◆ **PROVIDED DATA**:
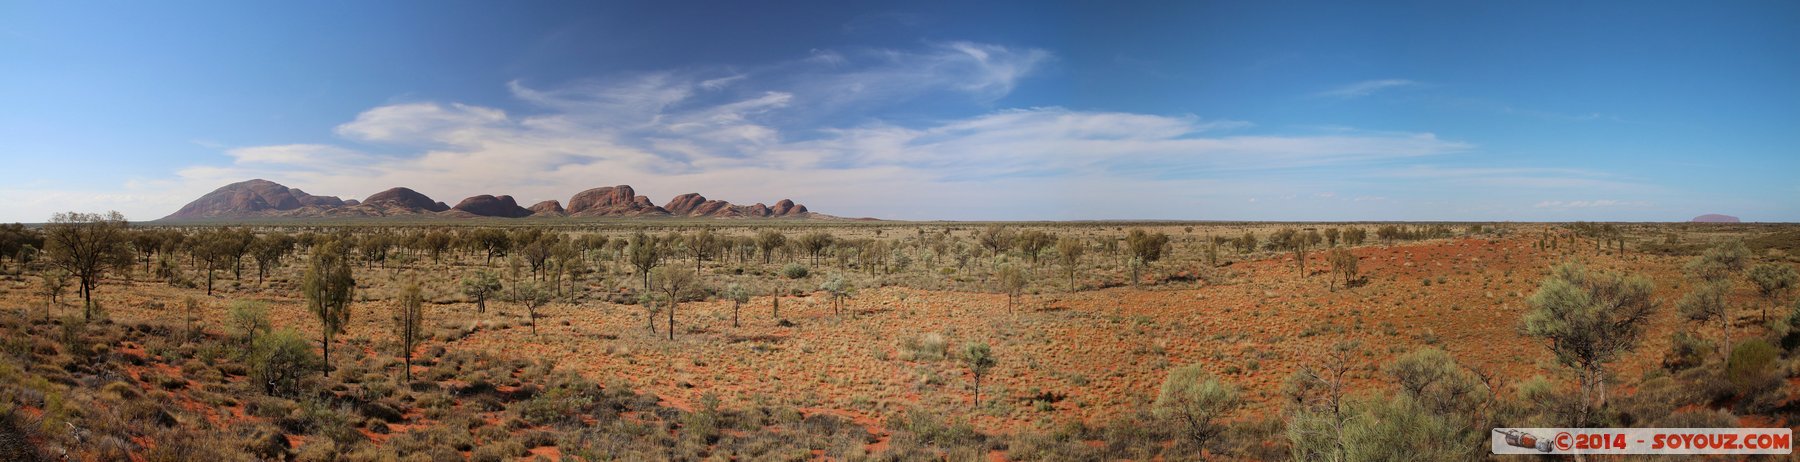 Kata Tjuta / The Olgas and Uluru - Panorama
Stitched Panorama
Mots-clés: AUS Australie geo:lat=-25.35102042 geo:lon=130.78663217 geotagged Northern Territory Uluru - Kata Tjuta National Park patrimoine unesco panorama animiste
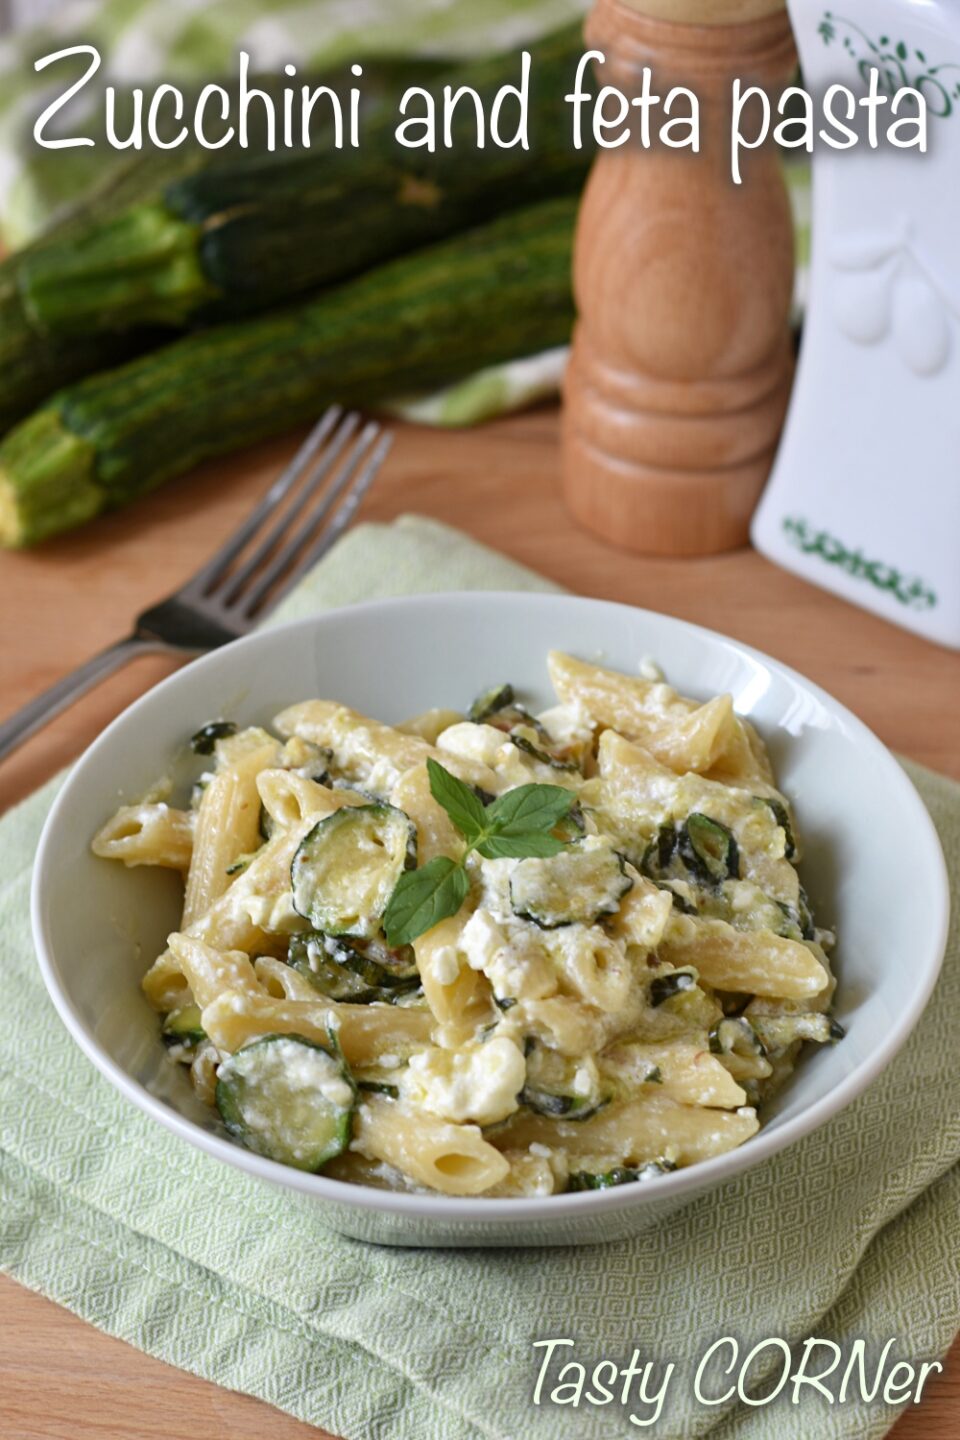 en_v_ zucchini and feta pasta recipe easy 20 minutes recipe creamy and tasty pasta by tasty corner

◆ **PROBLEM REQUIREMENTS**: Give again exactly the lines from the one that contains "Mots-clés: AUS Australie" through the end of the material, both ends included, omitting the pictures.

◆ **EXERCISE ANSWER**:
Mots-clés: AUS Australie geo:lat=-25.35102042 geo:lon=130.78663217 geotagged Northern Territory Uluru - Kata Tjuta National Park patrimoine unesco panorama animiste
 en_v_ zucchini and feta pasta recipe easy 20 minutes recipe creamy and tasty pasta by tasty corner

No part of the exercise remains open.